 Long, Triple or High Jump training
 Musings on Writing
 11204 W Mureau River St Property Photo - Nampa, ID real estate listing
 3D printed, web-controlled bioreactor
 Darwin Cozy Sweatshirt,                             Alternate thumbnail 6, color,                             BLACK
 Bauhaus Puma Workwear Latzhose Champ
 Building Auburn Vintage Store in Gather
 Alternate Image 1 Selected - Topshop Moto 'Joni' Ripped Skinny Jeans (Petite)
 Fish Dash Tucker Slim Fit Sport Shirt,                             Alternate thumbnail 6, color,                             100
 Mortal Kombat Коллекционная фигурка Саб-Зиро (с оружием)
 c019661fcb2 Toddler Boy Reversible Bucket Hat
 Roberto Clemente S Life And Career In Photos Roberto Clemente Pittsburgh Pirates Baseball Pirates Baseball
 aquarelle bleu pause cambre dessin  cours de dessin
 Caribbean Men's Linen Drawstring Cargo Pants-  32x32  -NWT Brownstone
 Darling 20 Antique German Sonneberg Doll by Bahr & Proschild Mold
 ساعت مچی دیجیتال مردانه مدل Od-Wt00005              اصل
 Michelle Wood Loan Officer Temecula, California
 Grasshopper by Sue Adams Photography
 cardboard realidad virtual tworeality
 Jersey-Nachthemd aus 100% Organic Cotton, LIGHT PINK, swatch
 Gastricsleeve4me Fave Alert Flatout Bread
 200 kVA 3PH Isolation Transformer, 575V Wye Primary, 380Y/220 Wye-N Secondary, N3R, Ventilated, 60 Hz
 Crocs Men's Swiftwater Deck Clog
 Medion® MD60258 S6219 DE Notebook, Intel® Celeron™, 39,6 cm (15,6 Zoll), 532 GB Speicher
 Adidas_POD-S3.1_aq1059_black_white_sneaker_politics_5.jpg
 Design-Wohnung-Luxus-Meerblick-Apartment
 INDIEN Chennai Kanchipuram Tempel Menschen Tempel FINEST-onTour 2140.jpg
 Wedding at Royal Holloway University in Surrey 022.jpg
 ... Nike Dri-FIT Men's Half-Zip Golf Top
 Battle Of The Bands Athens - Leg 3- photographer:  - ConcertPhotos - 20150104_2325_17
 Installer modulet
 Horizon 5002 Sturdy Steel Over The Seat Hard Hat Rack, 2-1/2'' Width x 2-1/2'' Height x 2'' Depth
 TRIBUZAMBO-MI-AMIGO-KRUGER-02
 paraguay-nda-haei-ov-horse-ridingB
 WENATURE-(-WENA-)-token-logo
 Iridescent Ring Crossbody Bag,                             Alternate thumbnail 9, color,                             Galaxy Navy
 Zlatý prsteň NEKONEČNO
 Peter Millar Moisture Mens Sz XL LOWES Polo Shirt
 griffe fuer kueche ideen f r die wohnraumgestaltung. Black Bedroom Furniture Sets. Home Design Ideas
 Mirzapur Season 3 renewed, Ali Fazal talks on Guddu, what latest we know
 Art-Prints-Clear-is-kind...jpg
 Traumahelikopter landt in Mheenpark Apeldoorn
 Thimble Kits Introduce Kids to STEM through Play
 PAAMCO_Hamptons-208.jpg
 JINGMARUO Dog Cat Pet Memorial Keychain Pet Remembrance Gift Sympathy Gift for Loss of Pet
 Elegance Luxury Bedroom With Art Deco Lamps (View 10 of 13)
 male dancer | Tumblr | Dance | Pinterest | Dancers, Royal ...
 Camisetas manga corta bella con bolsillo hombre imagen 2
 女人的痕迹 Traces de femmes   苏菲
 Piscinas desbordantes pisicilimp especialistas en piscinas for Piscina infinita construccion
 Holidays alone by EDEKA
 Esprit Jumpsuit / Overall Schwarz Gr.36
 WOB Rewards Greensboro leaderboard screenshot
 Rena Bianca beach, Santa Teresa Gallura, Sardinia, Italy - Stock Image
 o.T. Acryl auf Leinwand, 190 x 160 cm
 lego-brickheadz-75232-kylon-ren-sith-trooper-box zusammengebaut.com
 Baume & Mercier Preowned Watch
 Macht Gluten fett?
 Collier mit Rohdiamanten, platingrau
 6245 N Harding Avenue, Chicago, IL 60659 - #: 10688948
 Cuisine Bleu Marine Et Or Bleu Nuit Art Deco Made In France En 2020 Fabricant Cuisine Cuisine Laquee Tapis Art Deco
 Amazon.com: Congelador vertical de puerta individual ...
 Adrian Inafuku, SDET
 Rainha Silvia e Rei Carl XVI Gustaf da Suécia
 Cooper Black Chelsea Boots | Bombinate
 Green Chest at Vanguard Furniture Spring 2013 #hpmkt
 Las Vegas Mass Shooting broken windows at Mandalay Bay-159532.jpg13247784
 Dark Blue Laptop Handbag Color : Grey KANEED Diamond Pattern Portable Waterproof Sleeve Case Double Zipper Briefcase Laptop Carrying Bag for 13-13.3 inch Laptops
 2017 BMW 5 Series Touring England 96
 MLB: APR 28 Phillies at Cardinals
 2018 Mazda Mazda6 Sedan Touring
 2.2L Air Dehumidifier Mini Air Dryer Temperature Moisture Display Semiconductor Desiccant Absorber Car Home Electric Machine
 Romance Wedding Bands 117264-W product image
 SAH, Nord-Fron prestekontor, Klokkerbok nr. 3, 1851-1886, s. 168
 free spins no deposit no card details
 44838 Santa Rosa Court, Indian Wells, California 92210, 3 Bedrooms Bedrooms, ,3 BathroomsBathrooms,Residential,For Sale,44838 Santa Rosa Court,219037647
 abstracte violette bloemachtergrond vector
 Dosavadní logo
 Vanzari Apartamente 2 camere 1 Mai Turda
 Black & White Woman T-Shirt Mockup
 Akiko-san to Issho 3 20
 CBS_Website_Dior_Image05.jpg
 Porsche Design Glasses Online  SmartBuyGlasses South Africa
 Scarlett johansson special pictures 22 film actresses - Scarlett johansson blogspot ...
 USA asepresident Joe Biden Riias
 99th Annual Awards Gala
§
> PROBLEM DETAILS
Copy each line above where "Furniture" appears.

> FINAL ANSWER
 griffe fuer kueche ideen f r die wohnraumgestaltung. Black Bedroom Furniture Sets. Home Design Ideas
 Green Chest at Vanguard Furniture Spring 2013 #hpmkt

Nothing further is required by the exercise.